Starting at the line holding "Delaveek-Creatieve Industriële Binnen" and finishing at the line holding "Третья ассоциация производителей", transcribe the material exactly, keeping both ends but no pictures.

Segment Start: DATASET EXCERPTS

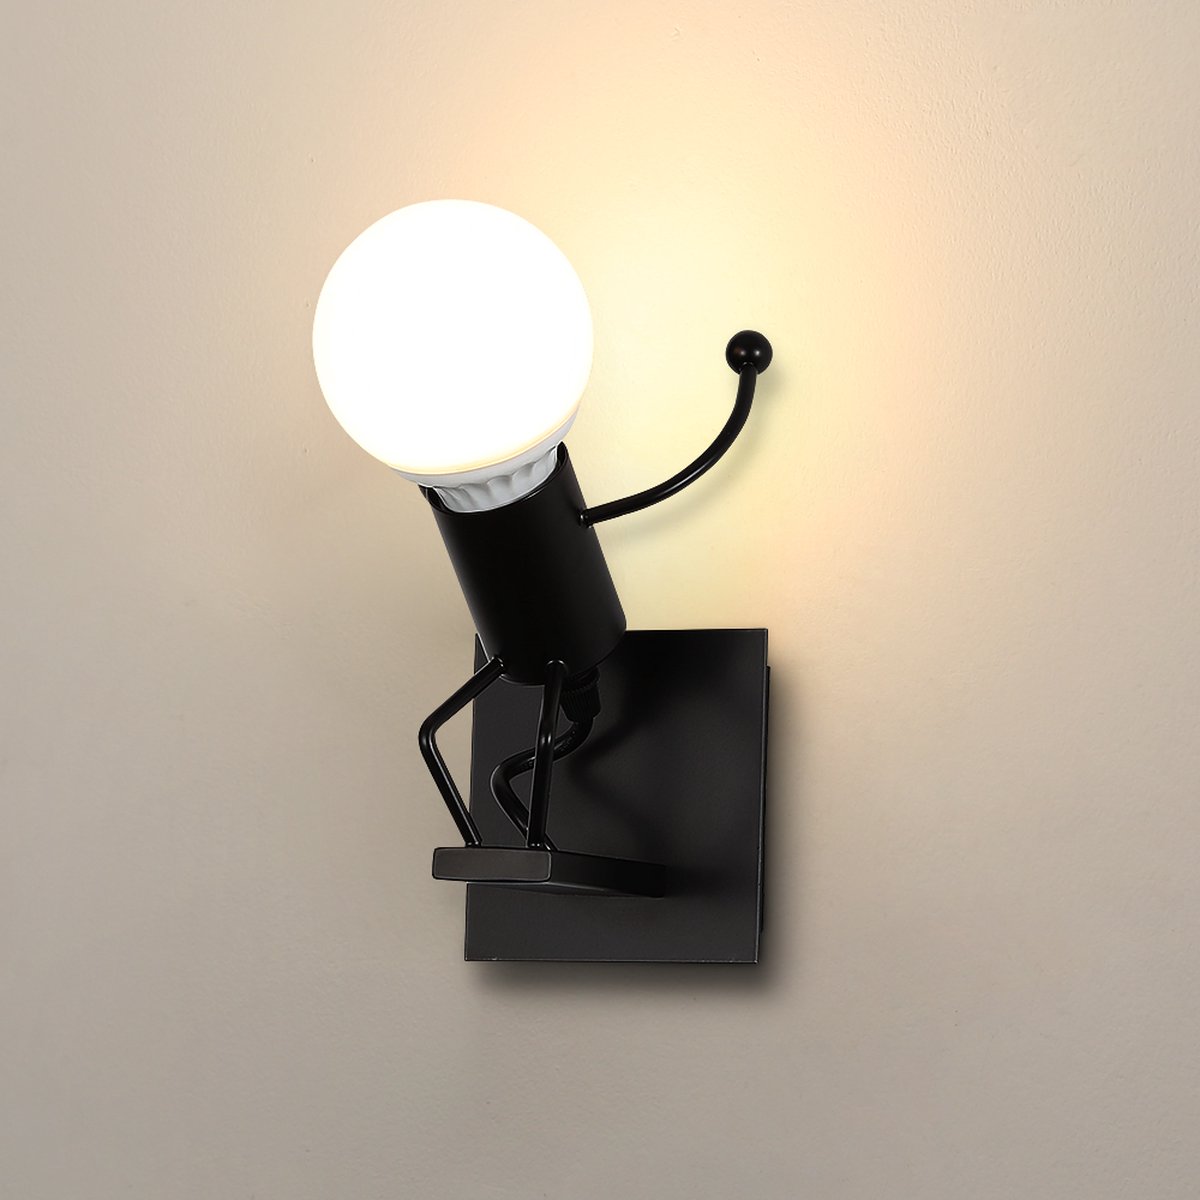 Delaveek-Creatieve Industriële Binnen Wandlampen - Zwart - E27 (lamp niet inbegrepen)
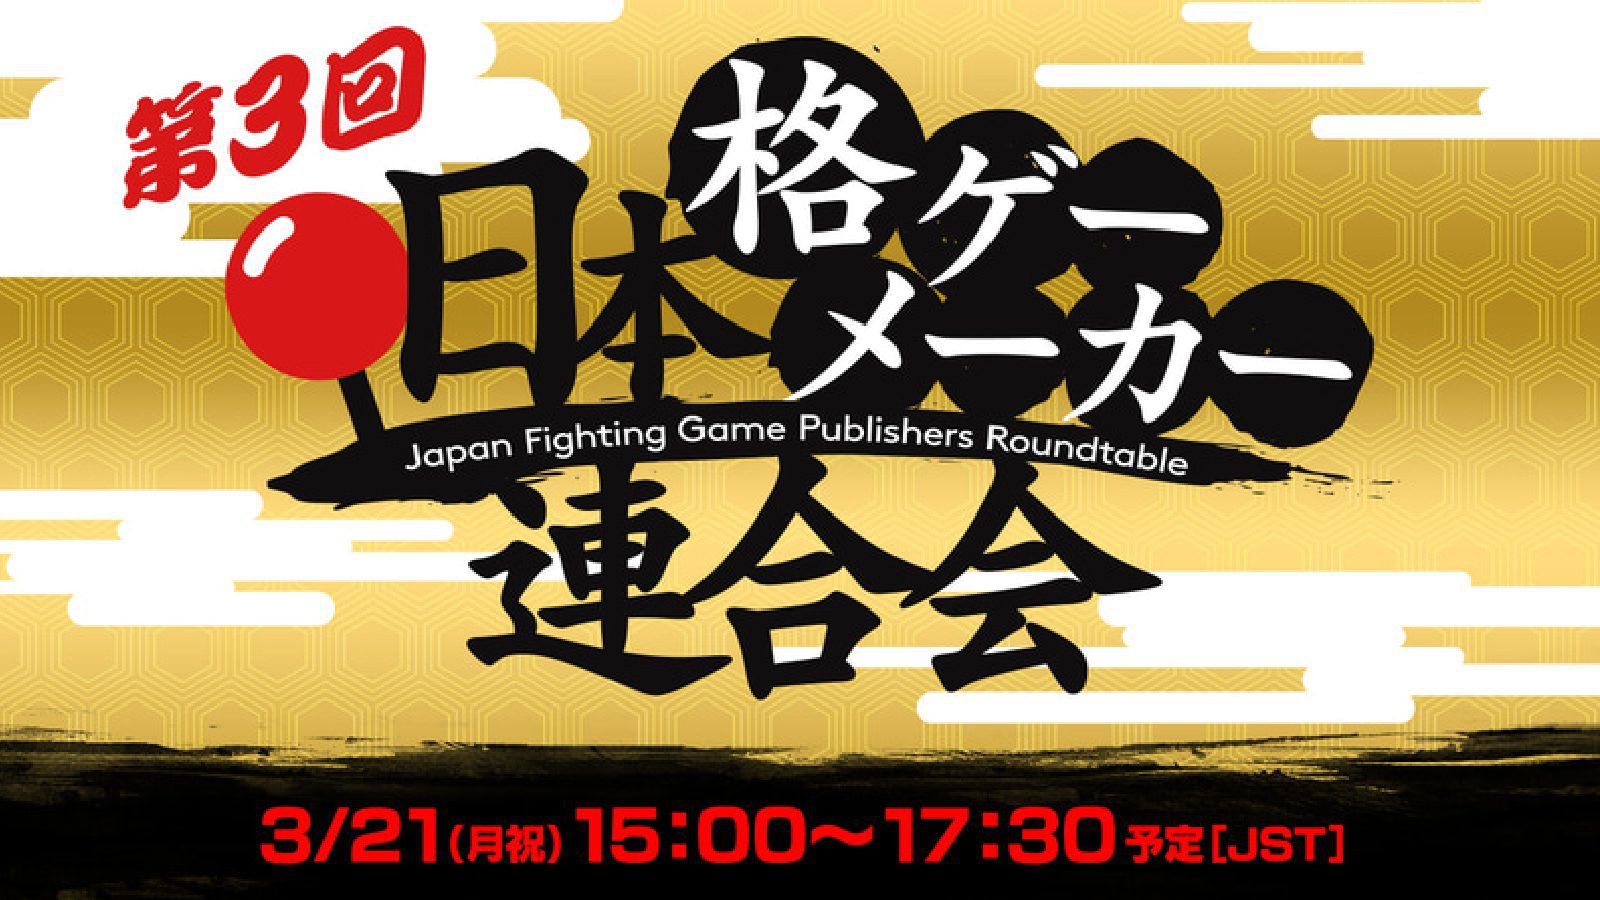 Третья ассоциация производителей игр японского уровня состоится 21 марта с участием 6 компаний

Segment End: DATASET EXCERPTS
Segment Start: DATASET EXCERPTS

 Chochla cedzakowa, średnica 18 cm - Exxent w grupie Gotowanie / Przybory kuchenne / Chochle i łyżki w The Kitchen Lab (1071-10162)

Segment End: DATASET EXCERPTS
Segment Start: DATASET EXCERPTS

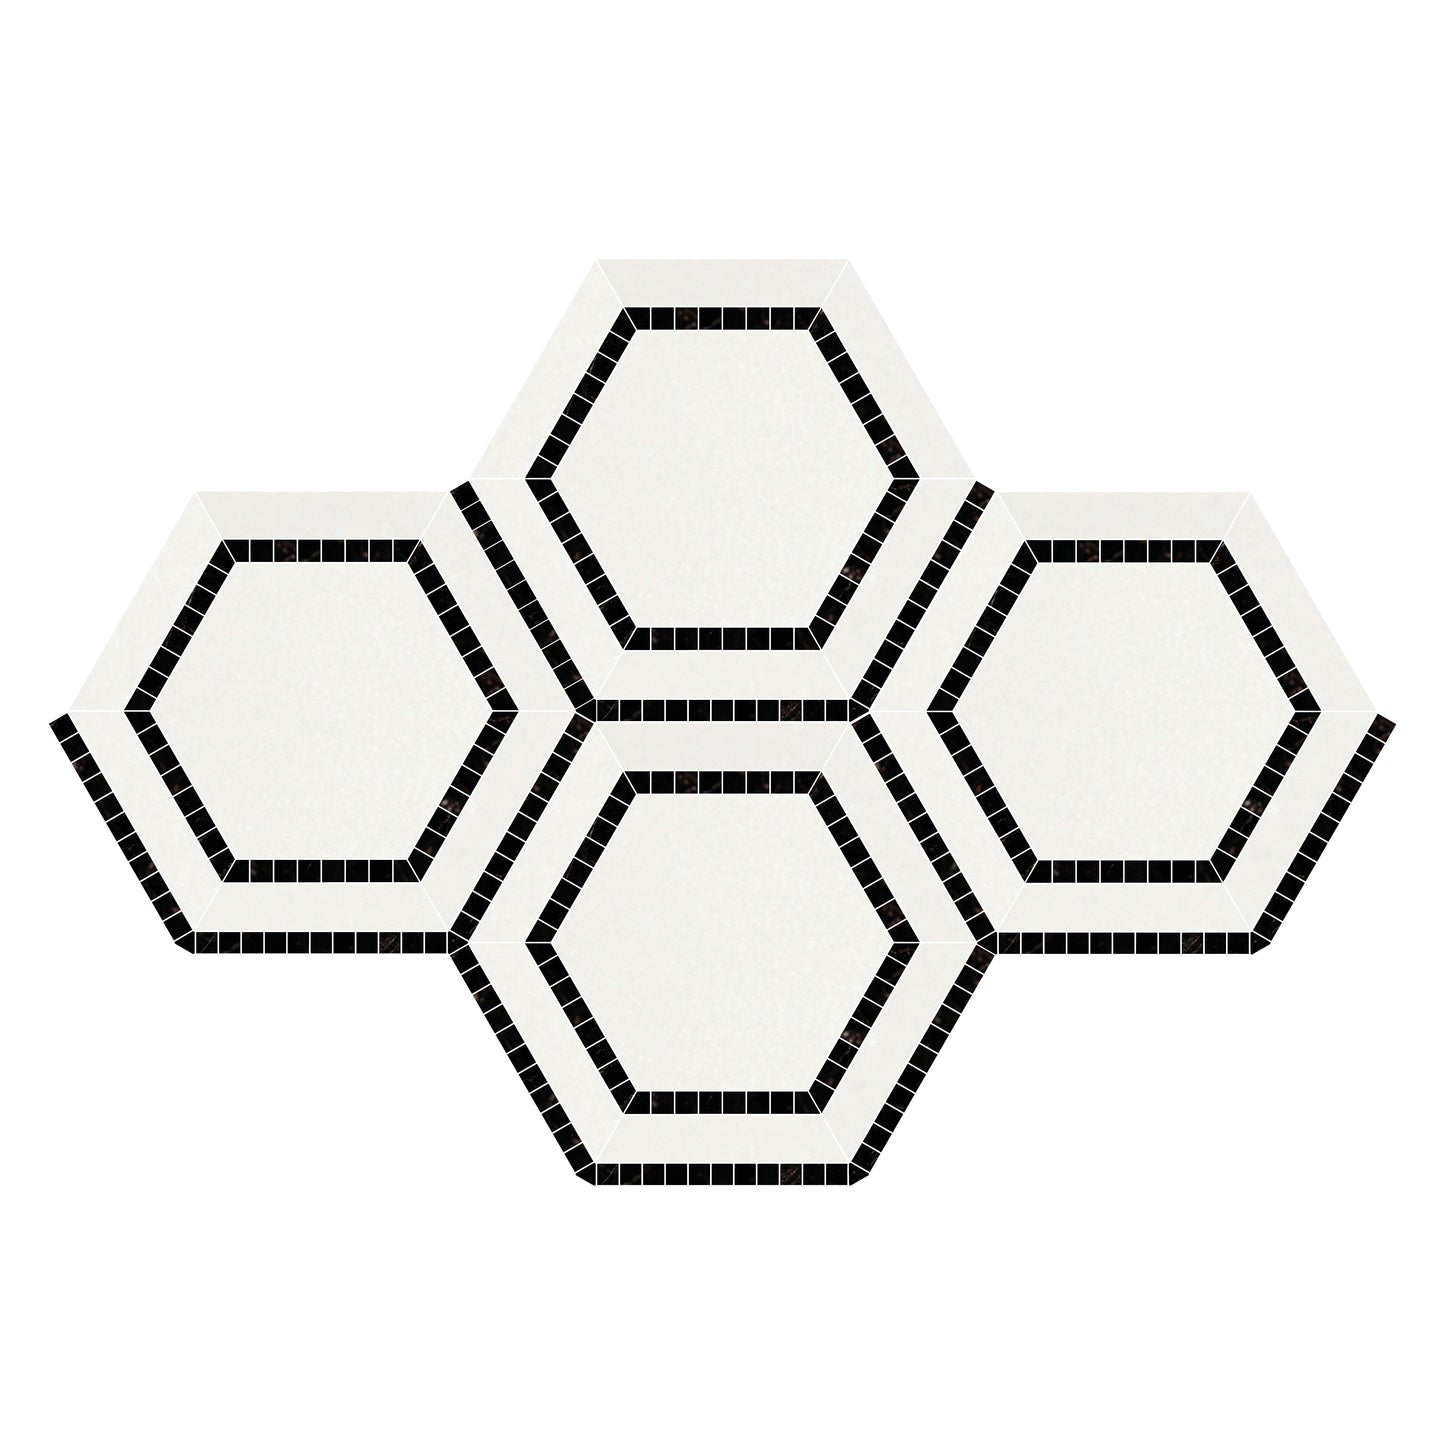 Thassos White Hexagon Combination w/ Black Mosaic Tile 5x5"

Segment End: DATASET EXCERPTS

**SOLUTION TO THE EXERCISE:**
 Delaveek-Creatieve Industriële Binnen Wandlampen - Zwart - E27 (lamp niet inbegrepen)
 Третья ассоциация производителей игр японского уровня состоится 21 марта с участием 6 компаний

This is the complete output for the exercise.